DAYTON, Ohio — Dayton’s downtown library has a few secret treasures. The archive shelves of its special collection started preserving history since the early 1800s, about as long as there’s been a Dayton, Ohio.


What You Need To Know

  • The Dayton Metro Library hosts one of the largest collections on women’s suffrage in the country

  • Electra C. Doren a suffragette and the former library systems manager, gathered and preserved the collection

  • The library archived the collection to make it accessible online

  • The collection is still available to access in-person at the downtown branch

One of the largest collections on those shelves comes from a librarian with a front-row seat to that history. More than 100 years later, Dayton may thank Electra C. Doren for ensuring the city’s fight for women’s suffrage lives on, frozen in time, for any Dayton local to see for them self.

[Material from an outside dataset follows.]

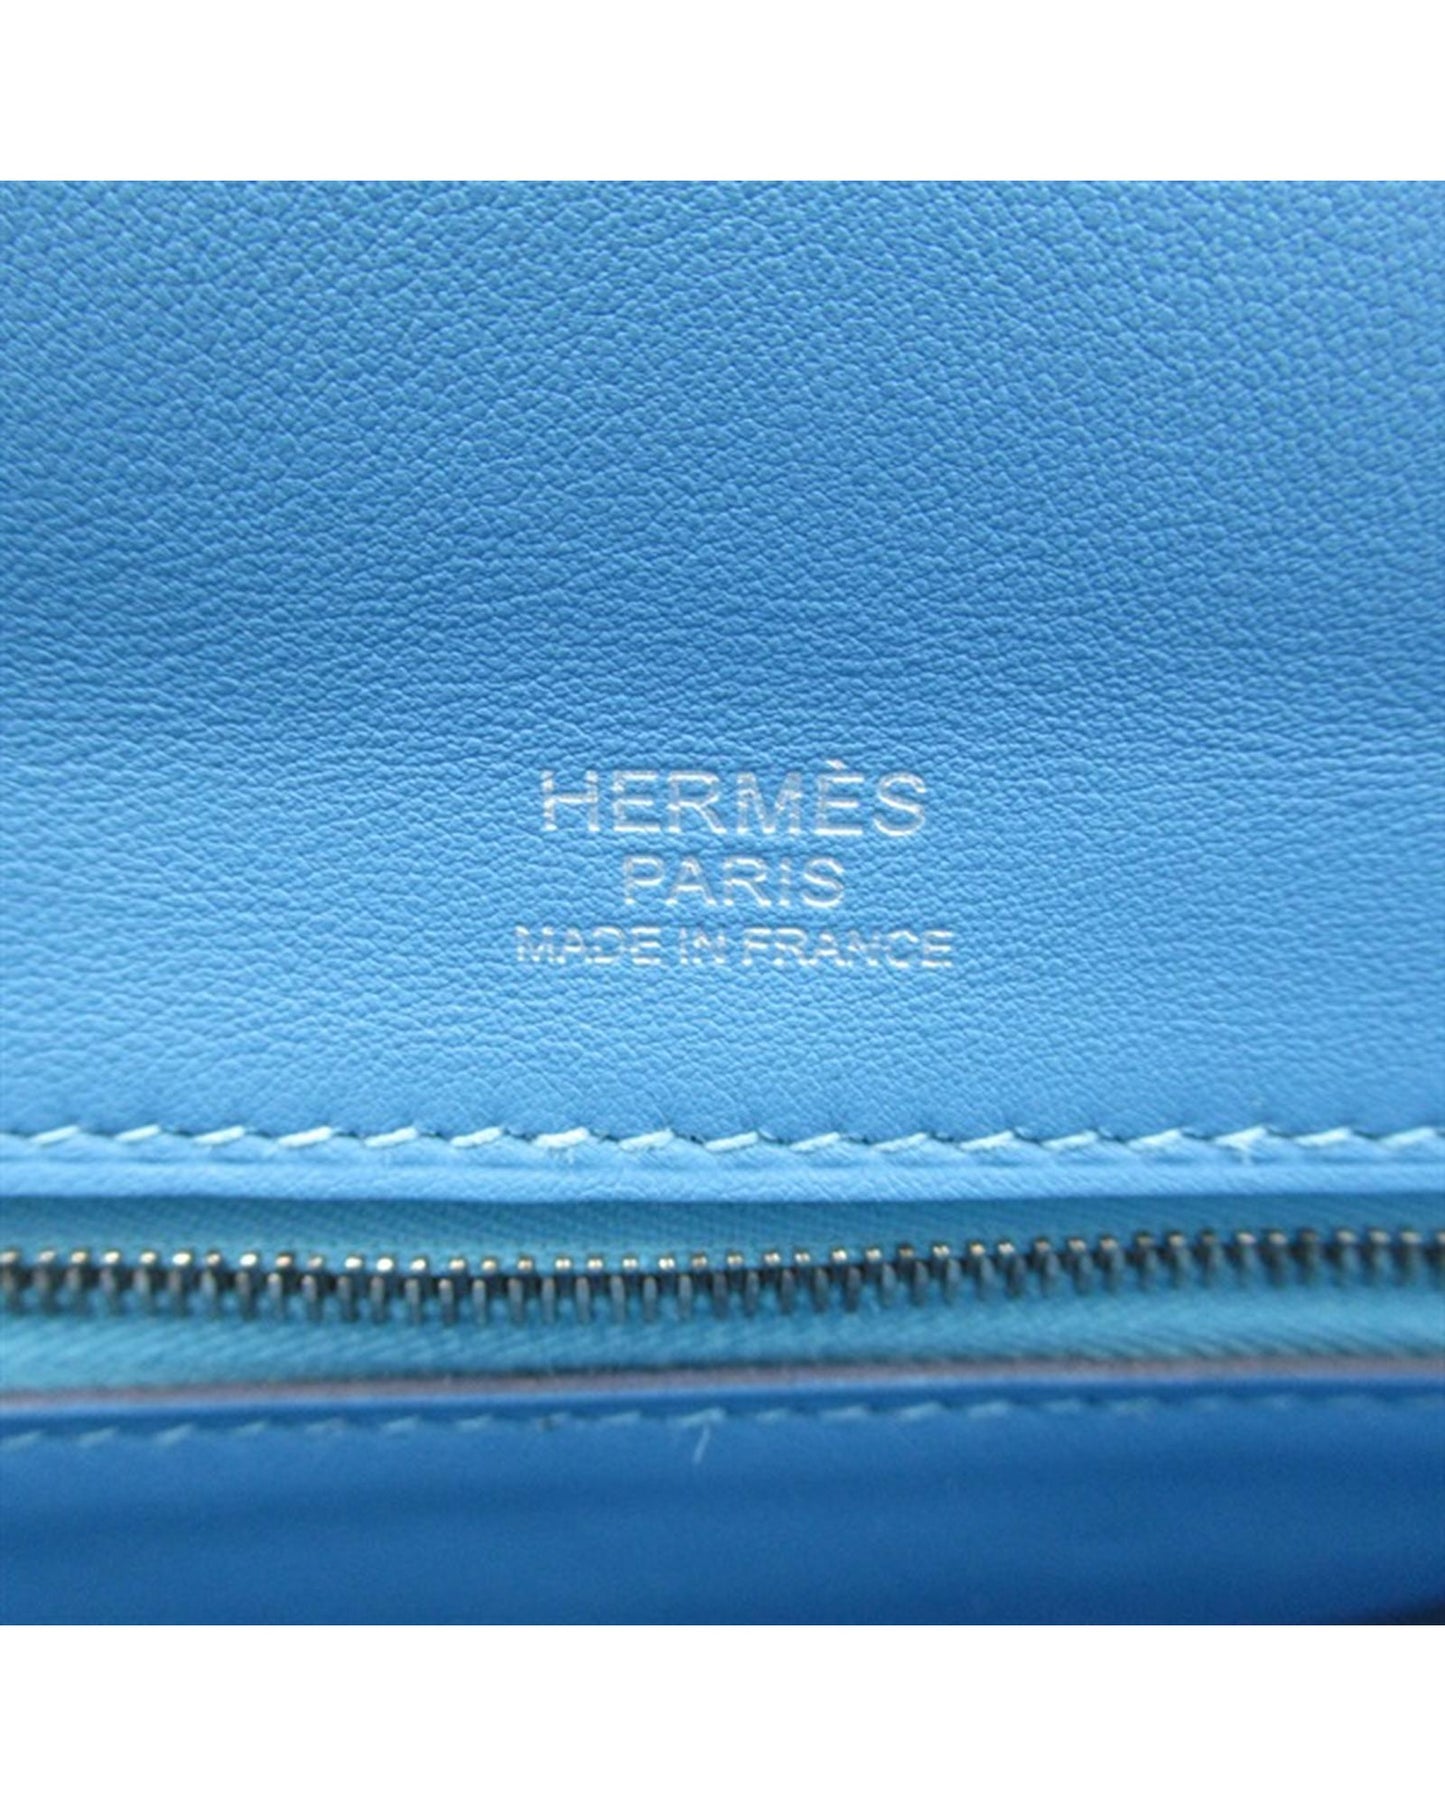 Hermes Women's Blue Togo Bag 24/24 - 29 in A Condition in Blue

Jamie McQuinn is the special collections manager at the Dayton Metro Library. It’s his job to make sure collections, like Doren’s, remain preserved and accessible for centuries to come.

From Dayton Women's Suffrage Collection

“This room is climate controlled for temperature and humidity so that the material does not disintegrate as quickly as paper wants to,” he said.

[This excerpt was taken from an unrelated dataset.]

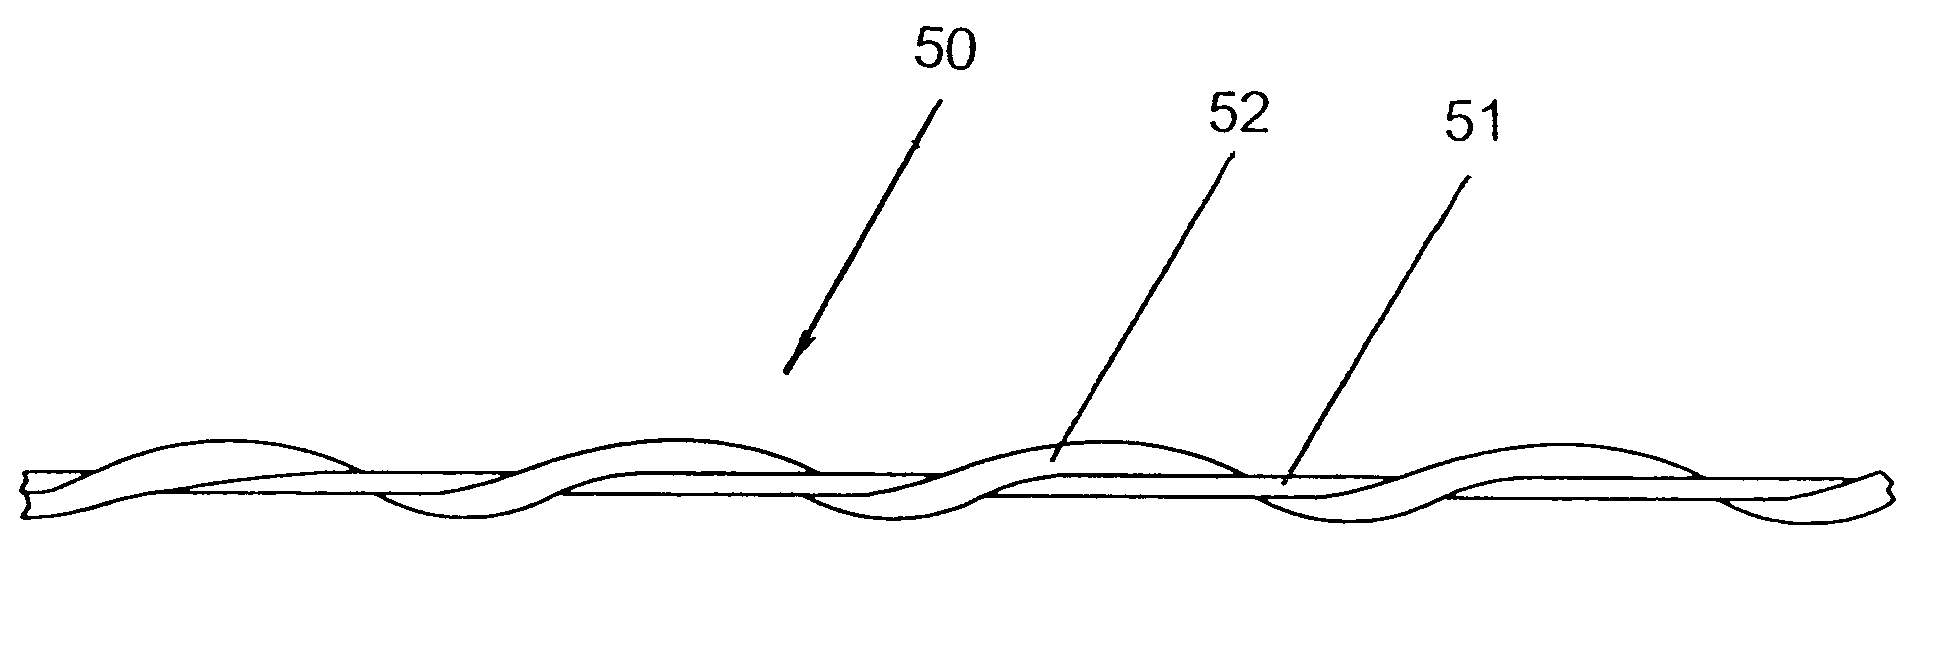 Hybrid cables, a process for obtaining such and composite fabrics incorporating such

McQuinn said the library boasts one of the largest collections on women’s suffrage in the country.

“Twenty-four linear feet of shelving with 13 rare books, 28 different scrapbooks, there are manuscripts, photographs, postcards,” he said.

McQuinn is happy to put it on display for anyone who asks.“That’s the original,” he said pulling the Dayton’s Women’s Suffrage Association scrapbook from the shelves.

Dating back to 1912, the scrapbook details Ohio’s realtime fight for suffrage. To keep it preserved, McQuinn said the library commissioned a photographer to archive and reproduce the pages.

“This is a facsimile that we have made so that people can page through it,” he said.

The scrapbook contains newspaper clippings, photos, pamphlets and other primary documents detailing the run up to a 1912 vote on a state amendment granting Ohio women the right to vote.

“Here was the actual 12 answers to anti-suffrage arguments against votes for women,” McQuinn said flipping through the pages.

From Dayton's Women's Suffrage Collection

At the time, Doren was the library systems director in Dayton and also an active member of the Women’s Suffrage Association. McQuinn doesn’t know if she made the scrapbook herself, but she was likely involved in collecting all the pieces and ensuring they told a fair accurate story.

Electra C. Doren

The scrapbook shows the good and the bad, how the amendment ultimately failed in 1912 and how the suffrage association kept fighting.

“That eventually led to the National Amendment to the Constitution what became the 19th Amendment,” McQuinn said.

Ohio was the fifth state to ratify the amendment in 1919, and McQuinn said Dayton helped lead the way.

“Dayton was one of the most progressive communities of its time during the progressive movement of the early 20th century,” he said.

People don’t have to come to the Dayton Metro Library in person to read up on that history. It’s all archived and accessible on the library’s website.

It’s likely far more than Doren could have guessed.

She died in 1927 after decades of service to Dayton and its library system. A year later, the library opened a branch bearing her name.

Perhaps the greater honor though, is that 100 years later, her work still holds a place of honor on the library’s shelf.